Friday, April 1, 2016

Cloud Computing: What to be Aware of

Cloud Computing provides an effective way to access servers, storage, databases and a broad set of application services over the internet. Services are typically offered via a subscription instead of a purchase or lease. While there are terrific benefits to implementing a cloud computing model, consider these caveats as you begin your cloud evaluation process.
Your Internet Bandwidth
Think of your internet connection as a pipe. Instead of carrying water, it’s carrying digital data. If your pipe is too narrow for the large volume of data it needs to carry, the data may not go through fast enough. As you move more of your applications and infrastructure to the cloud, that means that you will transmit and received a greater volume of data over your internet connection. You need to determine the internet bandwidth needed when you move to the cloud. Then, compare that to your current bandwidth. If your current internet bandwidth cannot accommodate your anticipated cloud services implementation, you will need to increase your internet bandwidth.

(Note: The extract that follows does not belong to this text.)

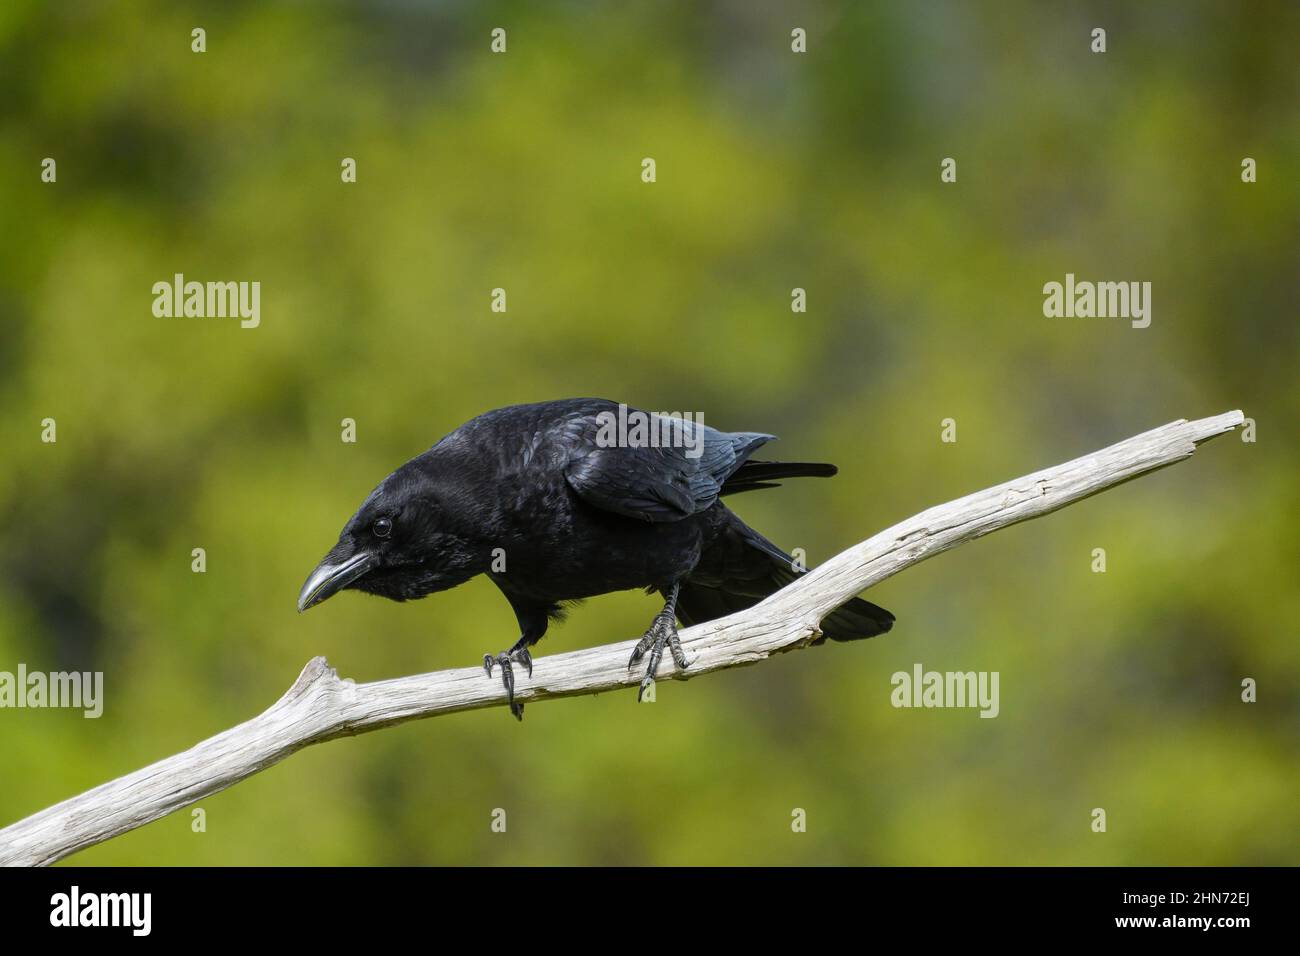 Close-up of a Carrion crow perched on a branch Stock Photo
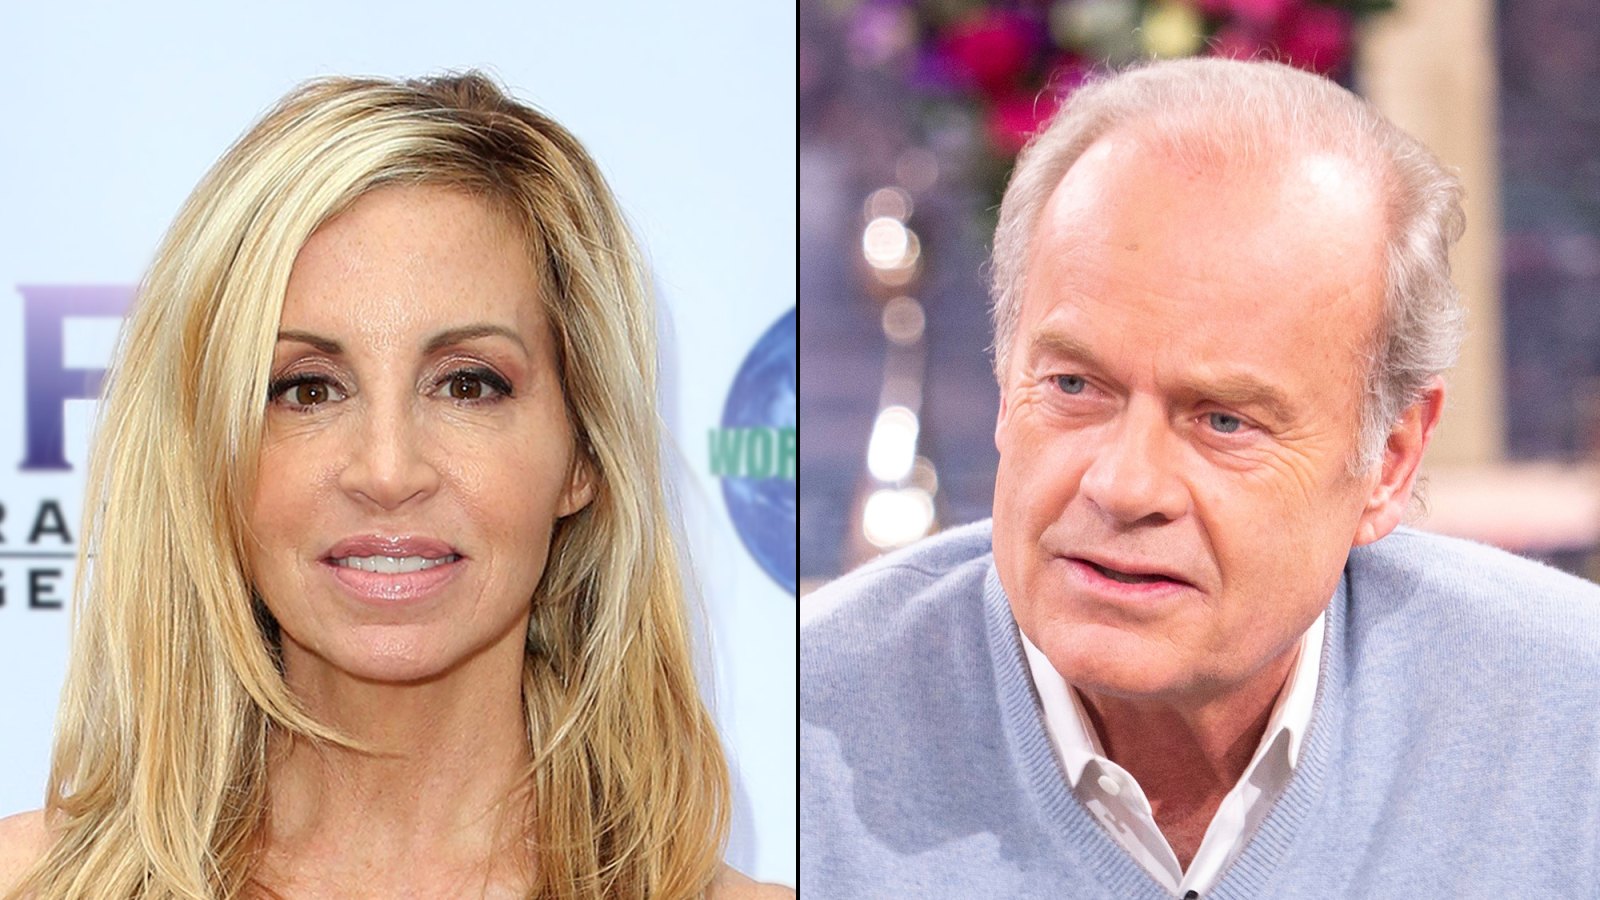 Camille Grammer Accuses Ex-Husband Kelsey Grammer of ‘Rewriting History'

Don't Put All of Your Eggs in One Basket
Consider multiple service providers for similar services. That is especially true for data storage. Once you select a cloud service provider to host your primary data and applications, select a different service provider (or an internal solution) to manage your data backups. If you hire one provider for both, and access to that provider goes down or if they go out of business, you have lost all of your applications and data, as well as your backup data. If the application service provider goes out of business and your backup data is with another service provider, it will be easier to recover from that type of service disruption.

Service Level Agreements
Since some of the responsibility to support your applications and infrastructure will move out of your own facility (it will be with your cloud service providers), you may lose some level of control and timing when you need to address urgent situations. A service level agreement (SLA) identifies the types and timing of services you will receive from the service providers, plus any costs. Review and understand the vprovider's SLA. If the SLA stated in the service provider's contract does not meet your service and support needs, draft an amendment to the SLA to meet your needs before your engage the service provider.

Understand who will be responsible to manage access to the contracted cloud services. For servers and user access to infrastructure, that is often a network administrator. If you will contract that with the service provider, review the supporting process to ensure that it meets your needs. For example, make sure you know how long the service provider take to add or remove a user account, or add a server or storage. In addition, make sure you understand who is responsible to manage threat deterrents. A cloud service facility may ensure that their server farm environment is protected from viruses and malware. Don't assume that your contracted implementation on their servers has the same protection by default.

Service Availability
Some cloud service providers may require scheduled down time for maintenance. This is more typical with application service providers than infrastructure service providers. Request the maintenance schedule and notification process from the service providers before you engage with them. Make sure that it meets your required service access time.

Contract Renewal Costs
Limit your contract renewal cost in your current contract. It is likely that at the end of a term contract that the service provider will increase your recurring subscription cost when you need to renew the contract. Place a clause in the contract that limits the increase in a contract renewal to a set percentage for each year of the original agreement. For example, set a 3% limit per year of term. When it will be time to renew your current 3 year contract, you can budget that the new subscription will not exceed 9% of your current cost.

Make sure you know why you're considering cloud computing before you start shopping around. Define your cloud computing goals. Then, align those goals by creating a service provider model that suits your needs and gives you adequate protection. Doing so will ensure you mitigate any concerns or caveats you may have as you plan a cloud services strategy.